(The data Opens)

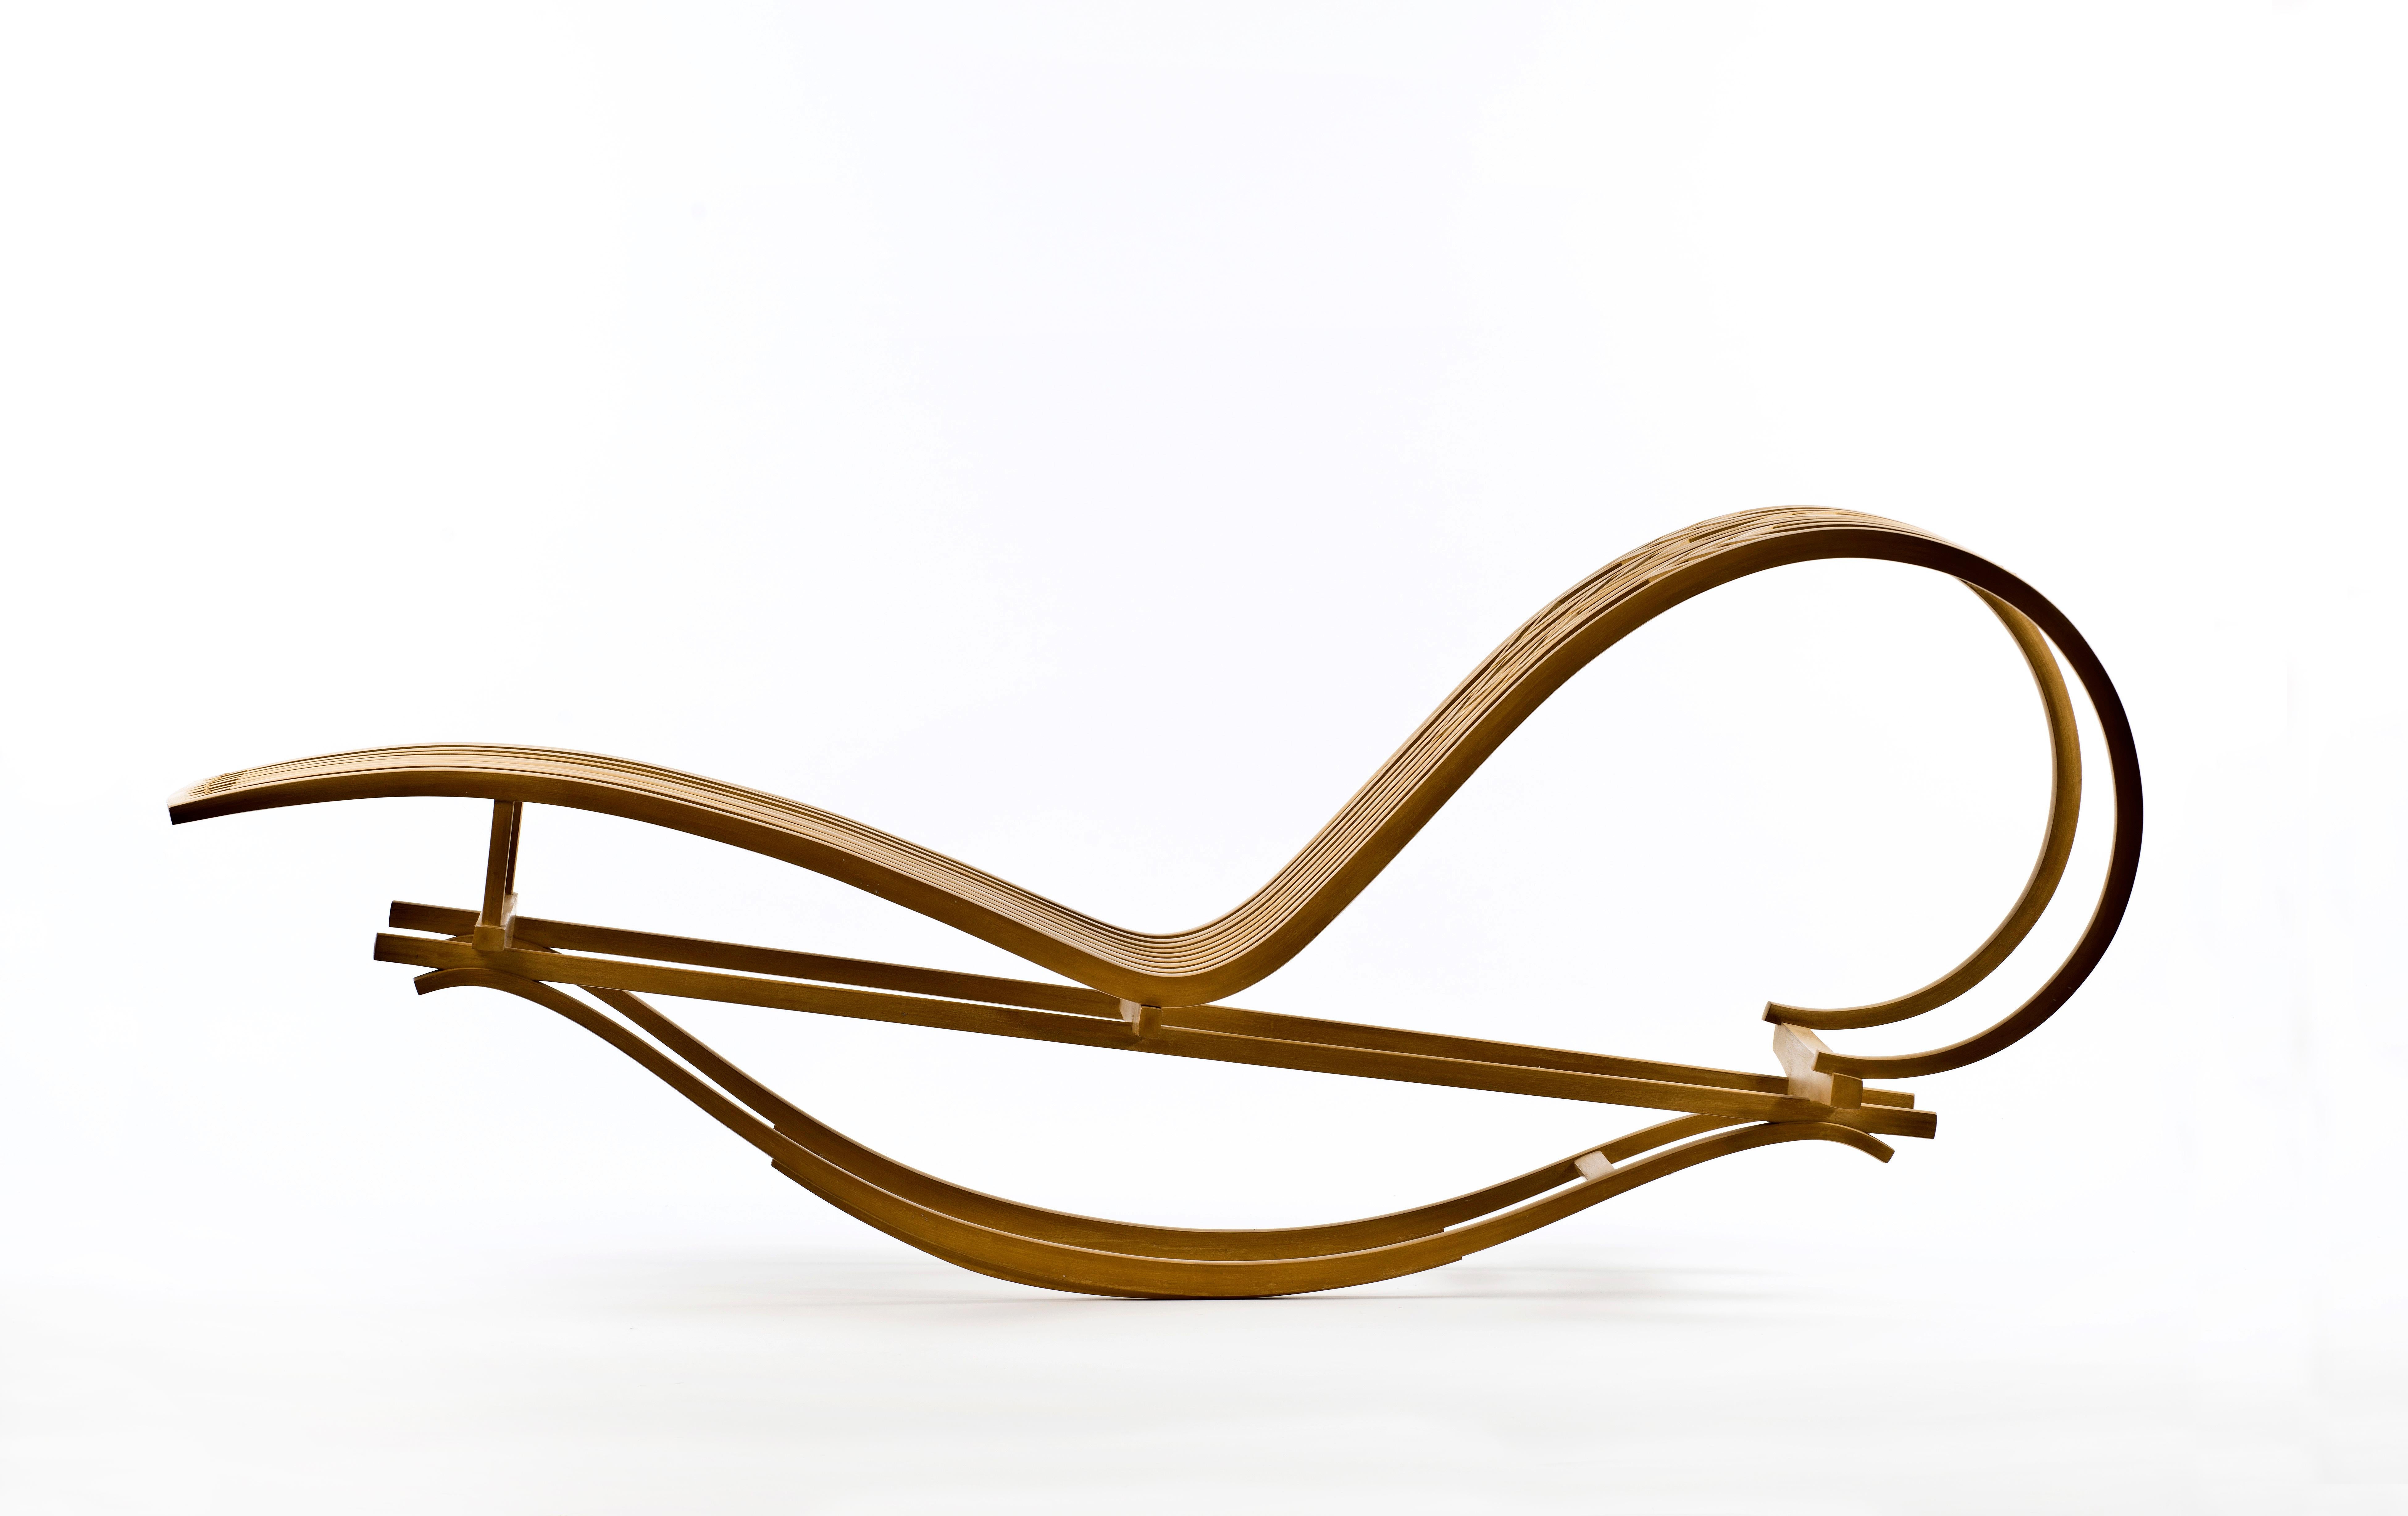 Michael Hurwitz
Bentwood Rocking Chaise Lounge, 1990
Mahogany
34.25 x 83 x 24 in

Michael Hurwitz has been making studio furniture since earning a BFA from Boston University’s Program in Artisanry in 1979 and was Head of the Wood Department at

(The data Closes)

_Task goal_. Above are the records; print them all exactly and keep the pictures out.

_The completed task_.
 Michael Hurwitz
Bentwood Rocking Chaise Lounge, 1990
Mahogany
34.25 x 83 x 24 in

Michael Hurwitz has been making studio furniture since earning a BFA from Boston University’s Program in Artisanry in 1979 and was Head of the Wood Department at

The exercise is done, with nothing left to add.